I am struggling to understand what it is about me that needs putting a stop to. To where there is now an organized effort, with officers in my own denomination---men with spiritual authority---that are organizing offensive and defensive strategies against me. Me? Who the heck am I? I read about my “agenda” and my motivations, and I don’t know this person they are talking about. Talking is a kind word. Plotting, scheming against…slandering. Yes, that is appropriate. Normally, we would just be wise to ignore such people. Unless, they are in positions of spiritual authority. In your own denomination. 
 
What do you do when you have screenshots of these people talking amongst themselves in a group where they think they are protected?
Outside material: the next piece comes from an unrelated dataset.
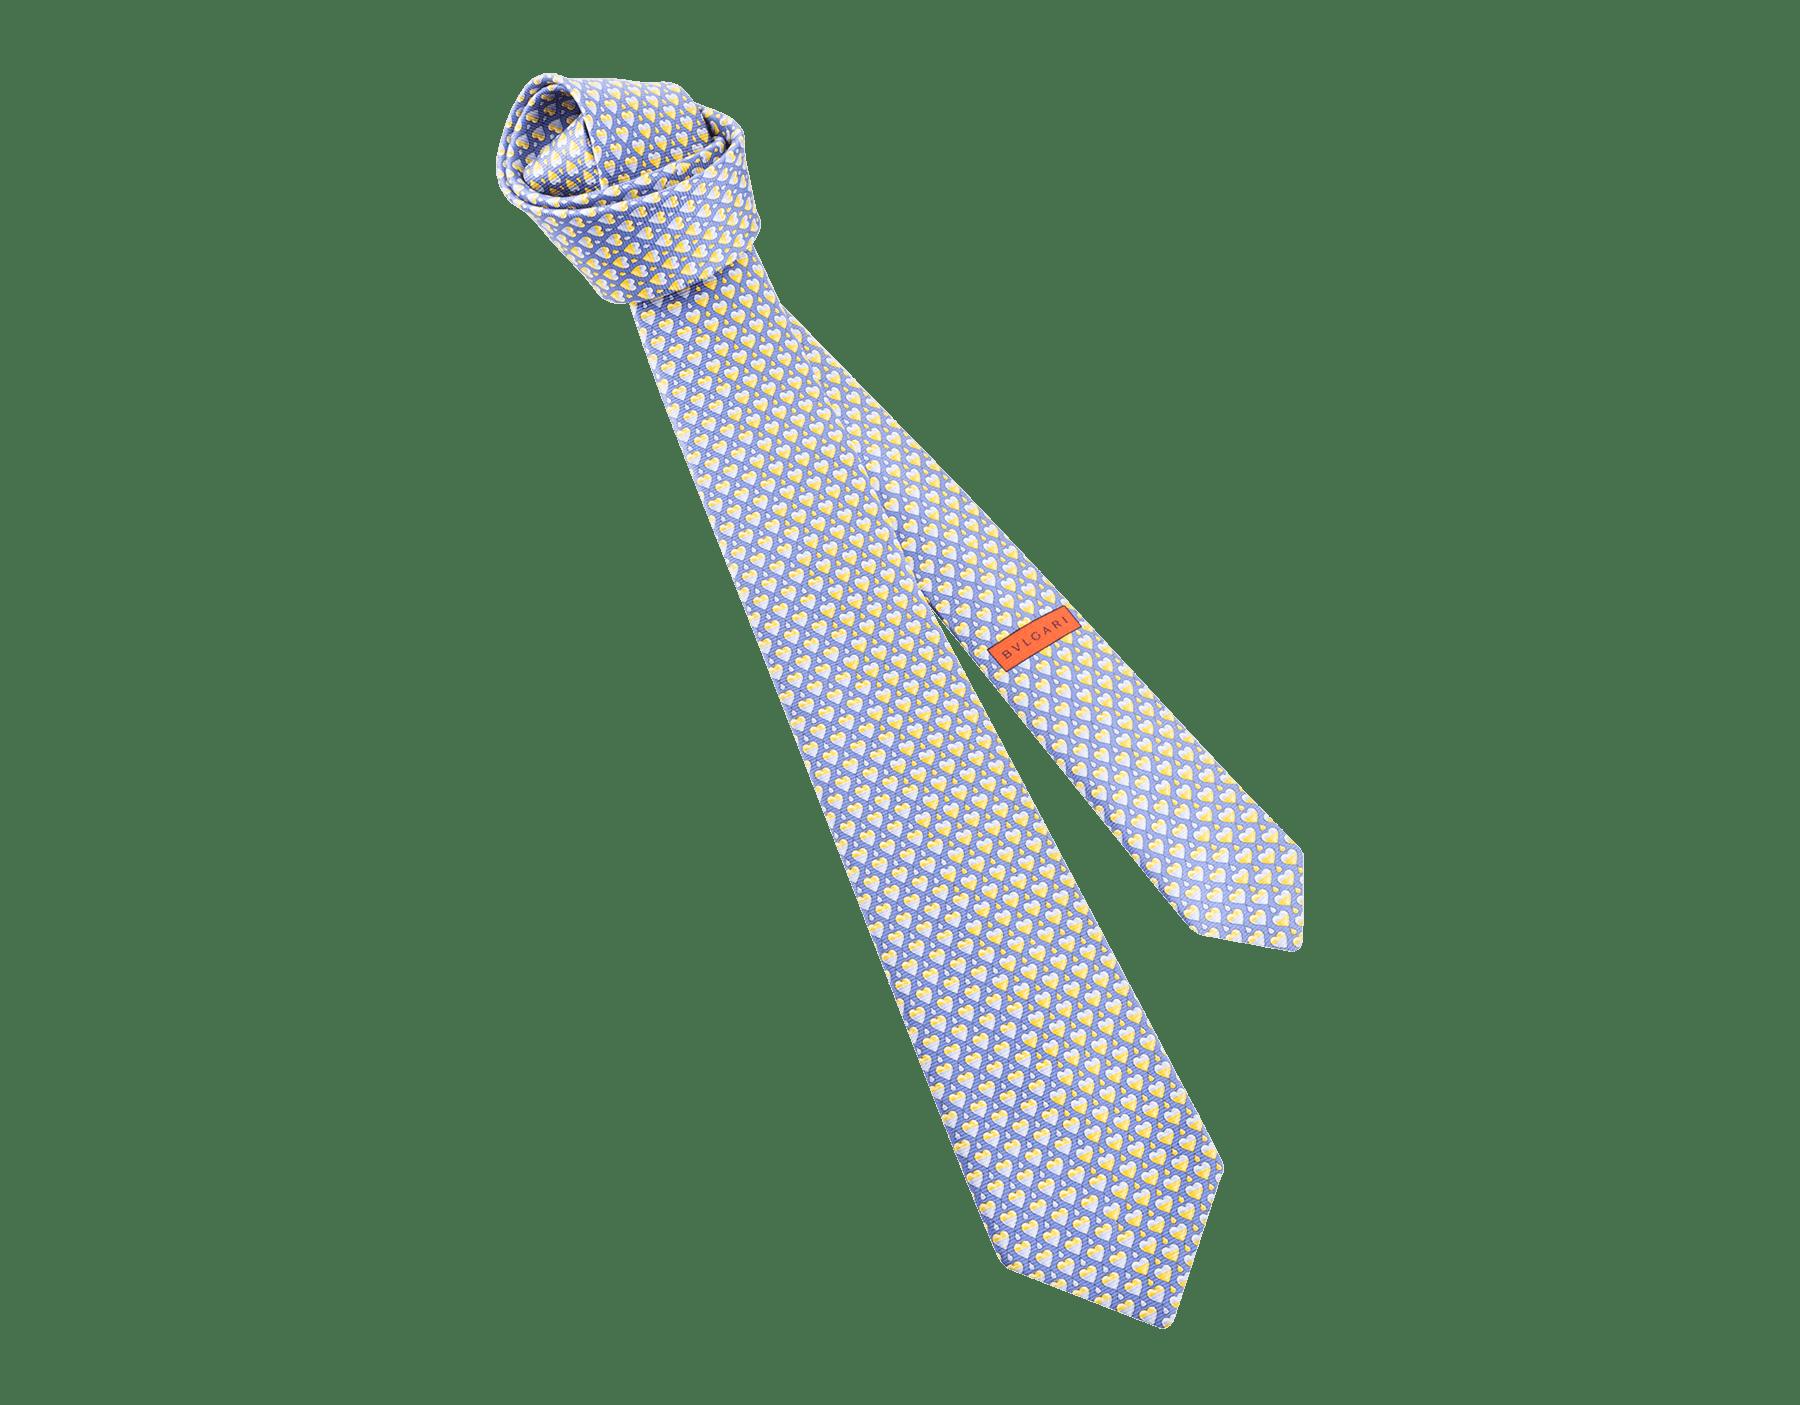 ライラックのドロップ ハート セブンフォールドタイ。上質なサリオーネプリントシルク製。 244338 image 1

Only, it isn’t some small room, but a group that had over 1,100 members---many church officers, some even published. What if they are obsessively writing about you day and night? What if they are calling you Jezebel of Thyatira, ungodly, saying if your husband really loved you, he would shut you up? What if they were calling ahead of your speaking engagements, telling them to guard their families? How does it feel to enter into suspicion and possible danger? I can tell you that.
 
But am I that person? Am I an imposter---not Sarah’s daughter? (Who talks like that anyway?) Should my church discipline me as these people insist?
 
For what, you may be asking? This must be bad. Really bad. What is this agenda they speak of? Well, none of it is contrary to the confessions of my denomination. And as far as the gender part, much of what I write is in line with the OPC statement on women in the church from the 1980’s. Yes, I do have some differences with some points, but I write about general office within the bounds of what the OPC’ers were saying back then. And that is where I speak into, the general office of laypeople---all the while, upholding ordination for *qualified* men.
 
All this danger language is emotive and vilifying. Is it masculine to be so emotive? Well, I better not question that, but I will hold fast to who I am in Christ. And to what all who love and confess him are. We are new creations, given a mission. We have agency in that mission as disciples, as his beloved bride.
 
And like I said, I love being a woman. I have a perspective that not all can see. And my Groom bids me to share it. So, I can burst on the scene, like the bride in Song of Songs, saying, “Oh, that he would kiss me with the kisses of his mouth” (SoS, 1:2).  Exclamation point. Initiative. Discernment. Resolve. That is the bride of Christ. I will write more about that later.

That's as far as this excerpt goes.